2.4 Construction of disease risk model
Prior to developing a nomogram model for assessing disease risk, it is necessary to identify characteristic genes using machine learning techniques. We aimed to determine whether RF or SVM is the more appropriate algorithm for gene selection. The selection is based on a comparison of the residual and the reverse cumulative distribution of the residuals. The findings indicate that RF machine learning outperforms SVM in screening for PSC-specific characteristic genes (Figure 4A-B). RF demonstrated a superior performance with an AUC of 1, while SVM achieved an AUC of 0.964 (Figure 4C). Consequently, we selected RF machine learning as the preferred method for identifying PSC-associated genetic signature genes.

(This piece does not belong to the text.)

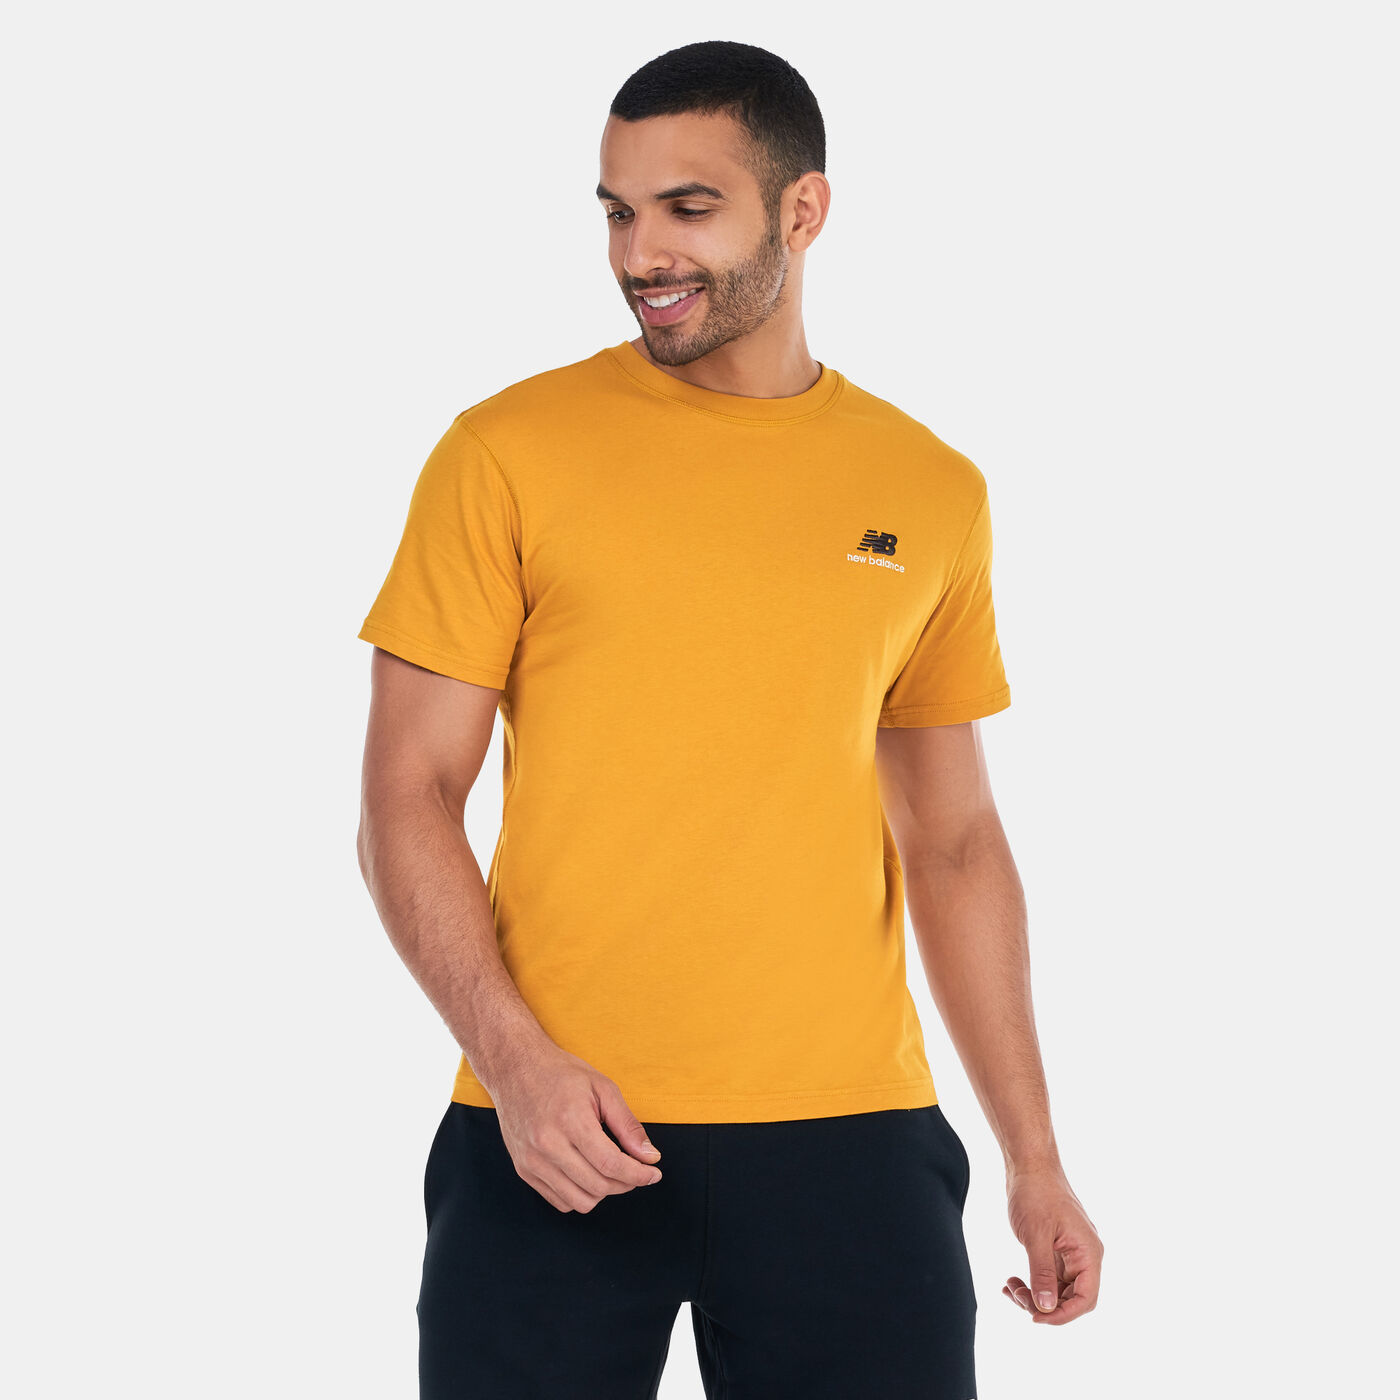 Men's Uni-ssentials Cotton T-Shirt
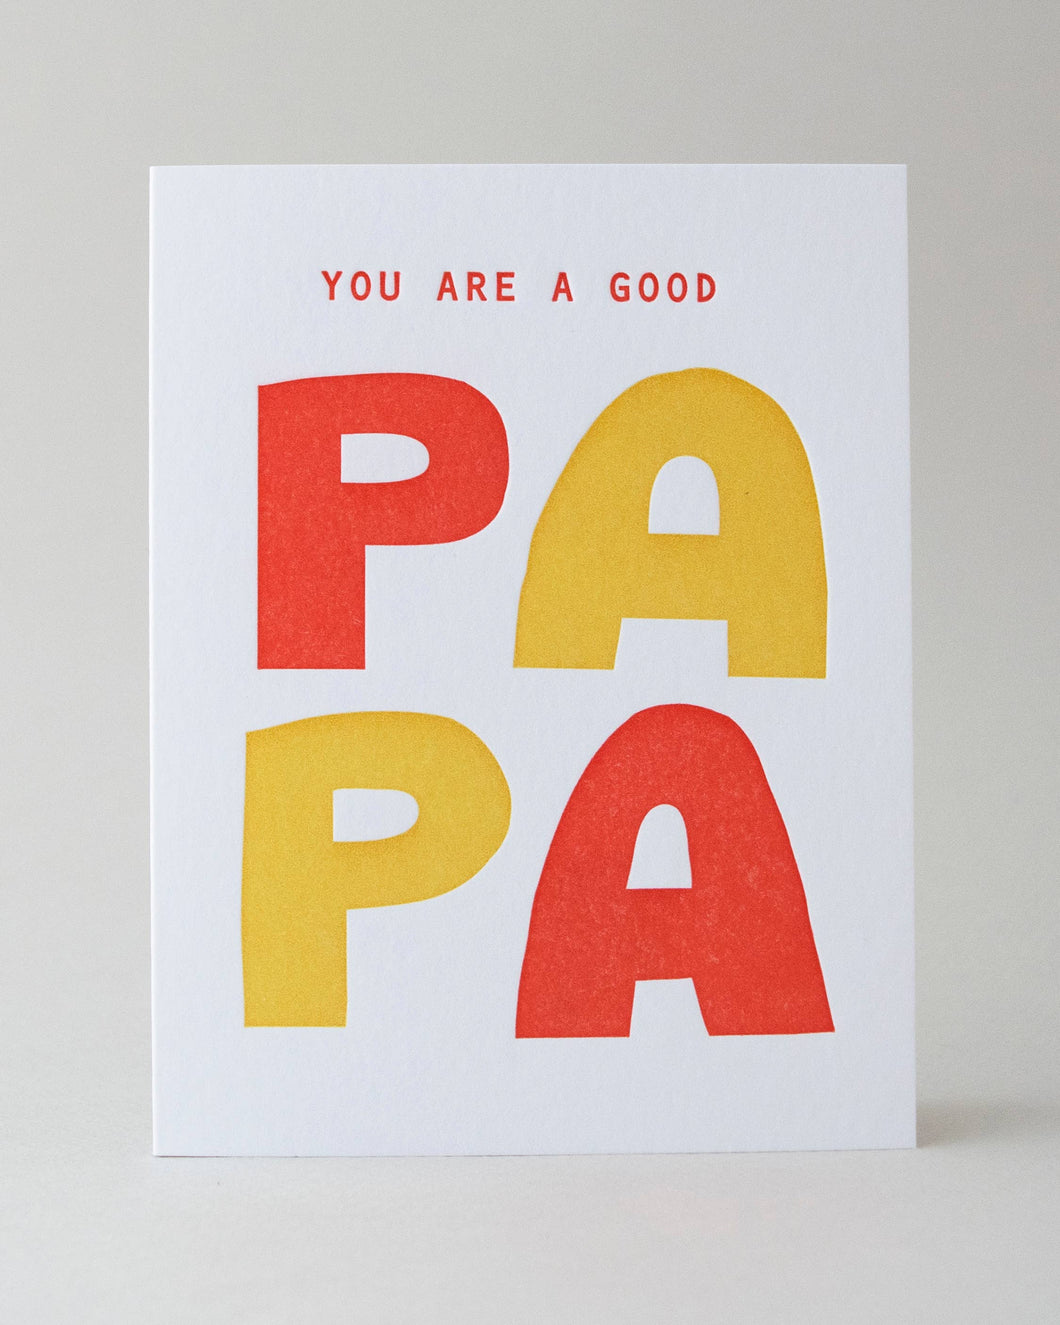 Good Papa Card

According to Figure 4D, we chose the ntree value that gives the lowest error rate (ntree = 428) (Figure 4D).
Subsequently, we determined the importance scores for m7G-related genes. Based on a threshold of an importance score greater than 10, we identified 8 genes: NSUN2, EIF4G3, EIF4E3, EIF3D, AGO2, LSM1, DCPS, and DCP2, as being significant in the screening process (Figure 5A). Utilizing these eight genes, we constructed a nomogram model designed to predict the risk of PSC disease (Figure 5B). In order to calibrate the nomogram, a calibration curve was used. The calibration curve showed satisfactory results (Figure 5C). The results of the CICA indicated that the high-risk PSC patients identified by the nomogram model closely aligned with the actual positive cases (Figure 5D). The DCA result demonstrated that nomogram model for predicting PSC risk provides substantial net benefit (Figure 5E).